文/張恭銘與宋甜兒
有些人活著,是一首詩;有些人活著,是一闋詞。而黃霑的一生,像一首豪邁又深情的歌,前奏熱烈,副歌激昂,尾聲卻帶著淡淡的餘韻,久久不散。
他出生於戰火飄搖的年代,童年隨家人南下香港。那座城市,擁擠而喧鬧,霓虹燈映照著無數人的夢想,也映照著一個愛幻想的少年。他喜歡讀書,喜歡音樂,更喜歡觀察人。他總覺得,每一張匆匆走過的臉,都藏著一段值得歌唱的人生。
年輕時,他沒有一開始就成為詞人。他做過廣告,寫過文案,為產品想口號,也為品牌說故事。別人以為廣告只是推銷商品,他卻把每一句文字都當成一首短詩。也許正因如此,他後來寫下的歌詞,總能用最簡單的字,唱出最深的情。
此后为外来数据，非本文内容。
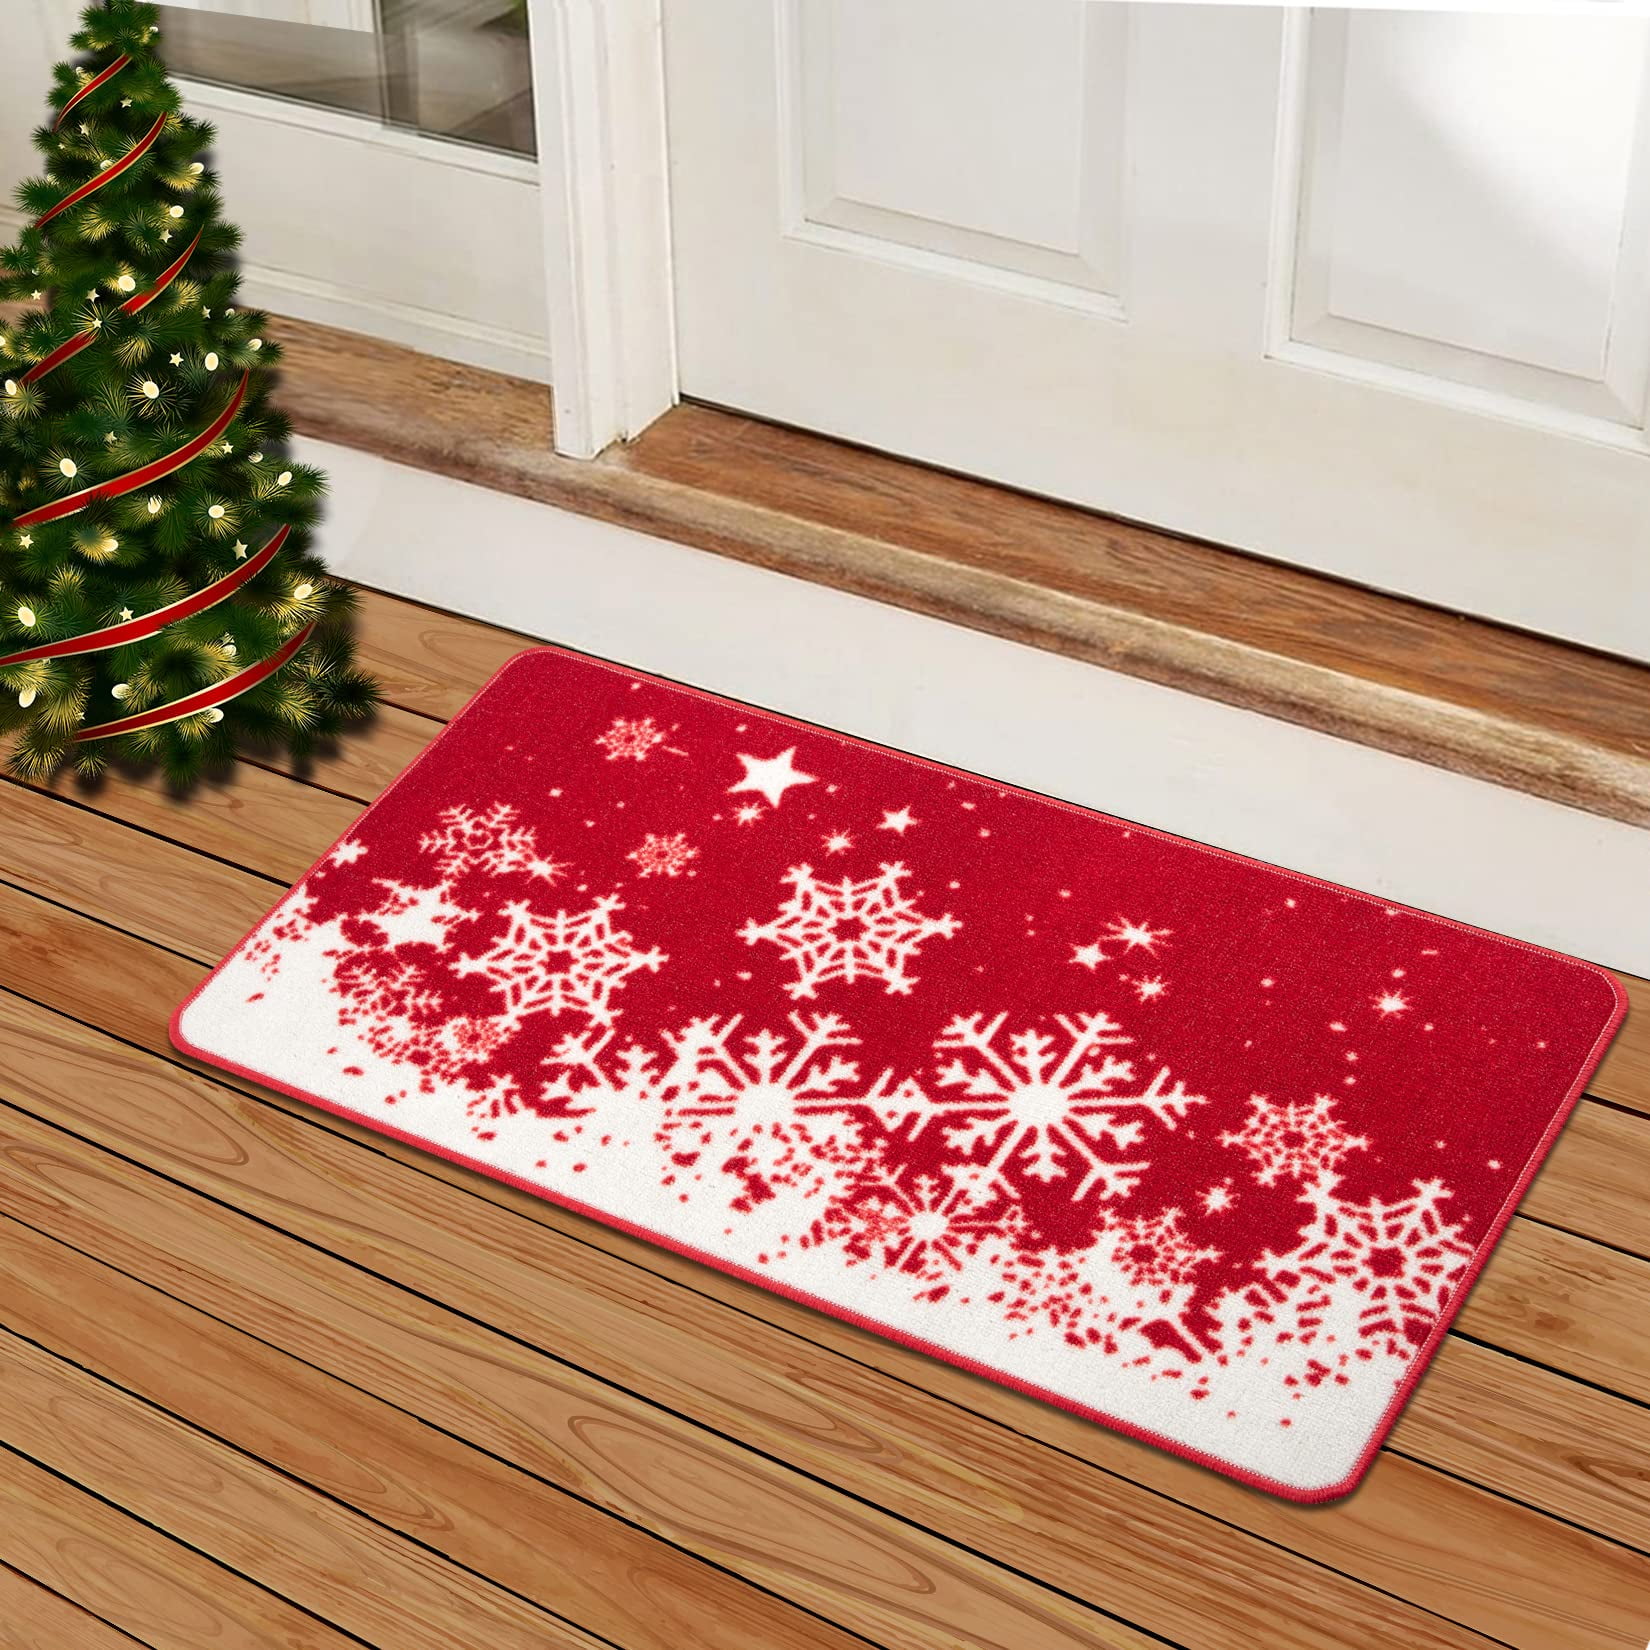 Aimlata Christmas Door Mat Winter Holiday Doormat Indoor Outdoor Entrance Rugs Welcome Mats, Size: 23.6*35.4/60*90cm, Red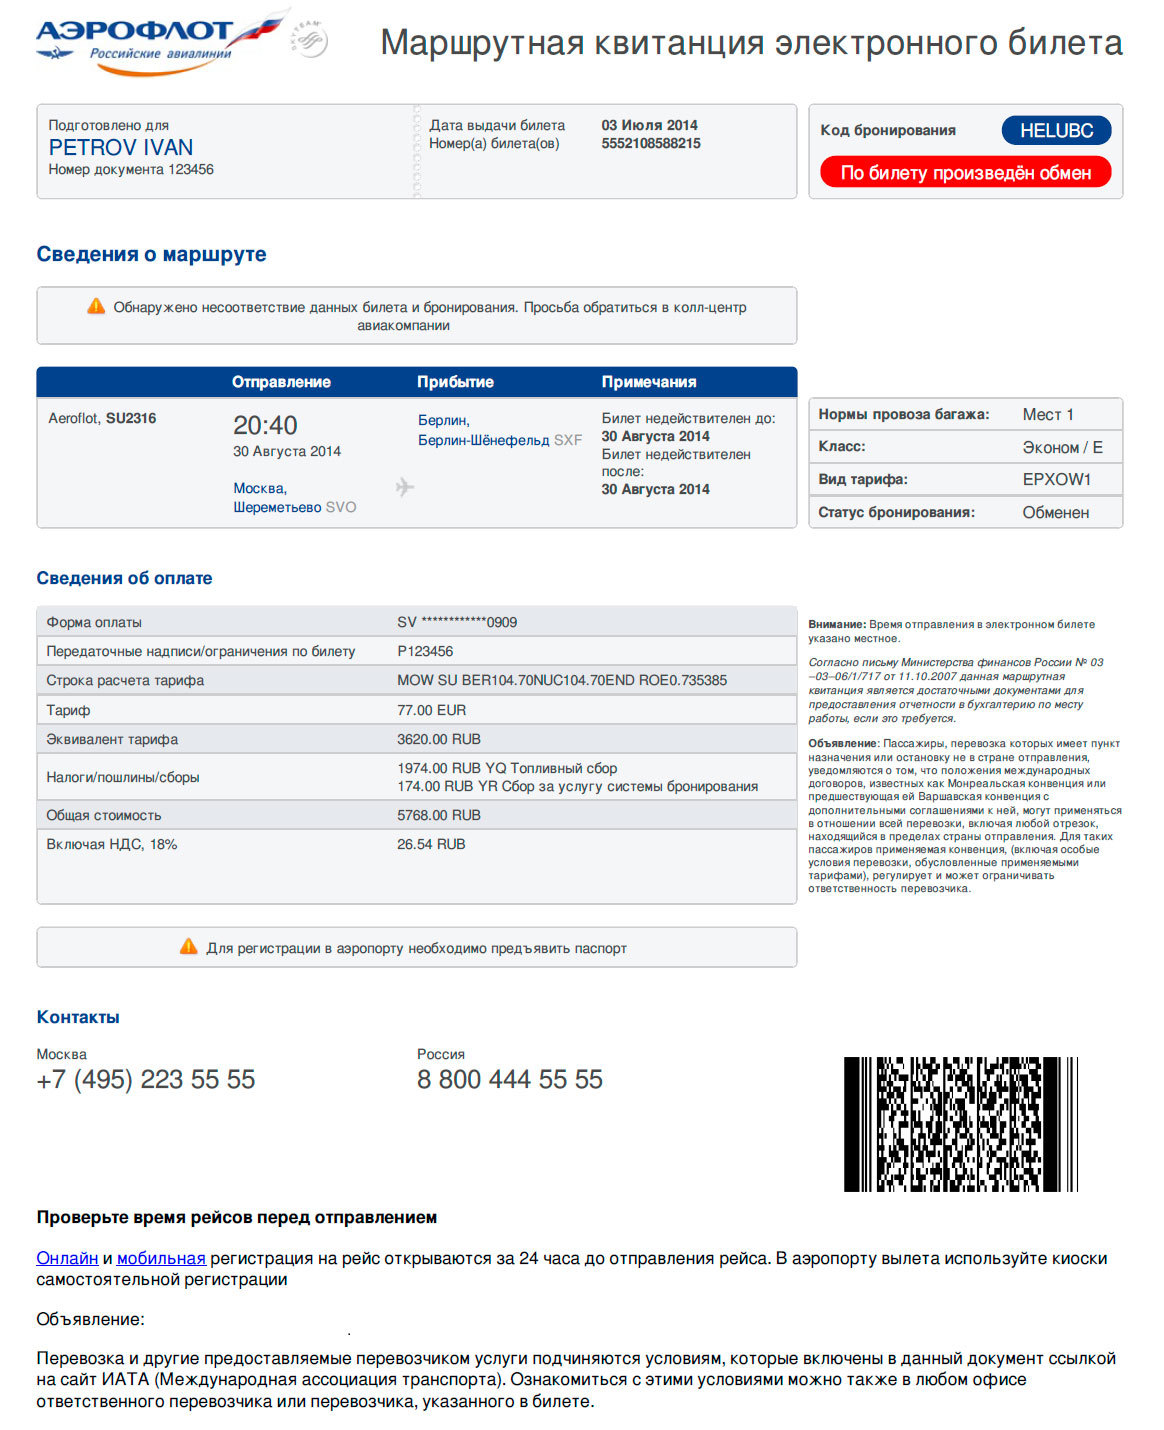 Нужен ли авиабилет. Как выглядит электронный билет на самолет. Как выглядит маршрутная квитанция электронного билета на самолет. Как выглядит распечатка электронного билета на самолет. Маршрутная квитанция электронного билета Аэрофлот 2022.

當香港流行音樂迎來黃金年代時,黃霑也迎來了屬於自己的春天。
有人說,他寫詞像喝酒,豪氣萬千;有人說,他寫詞像揮毫,一氣呵成。但真正讓人佩服的,不只是他的才華,而是他對文字的敬畏。他知道,一首歌能流傳,不只是因為旋律動聽,更因為歌詞能住進人的心裡。
於是,一首首經典誕生了。
滄海一聲笑唱出江湖的瀟灑,也唱出人生聚散無常;上海灘唱盡時代起伏,讓無數人在旋律裡看見命運的跌宕;那些膾炙人口的電影主題曲,更陪伴了一整個世代的青春。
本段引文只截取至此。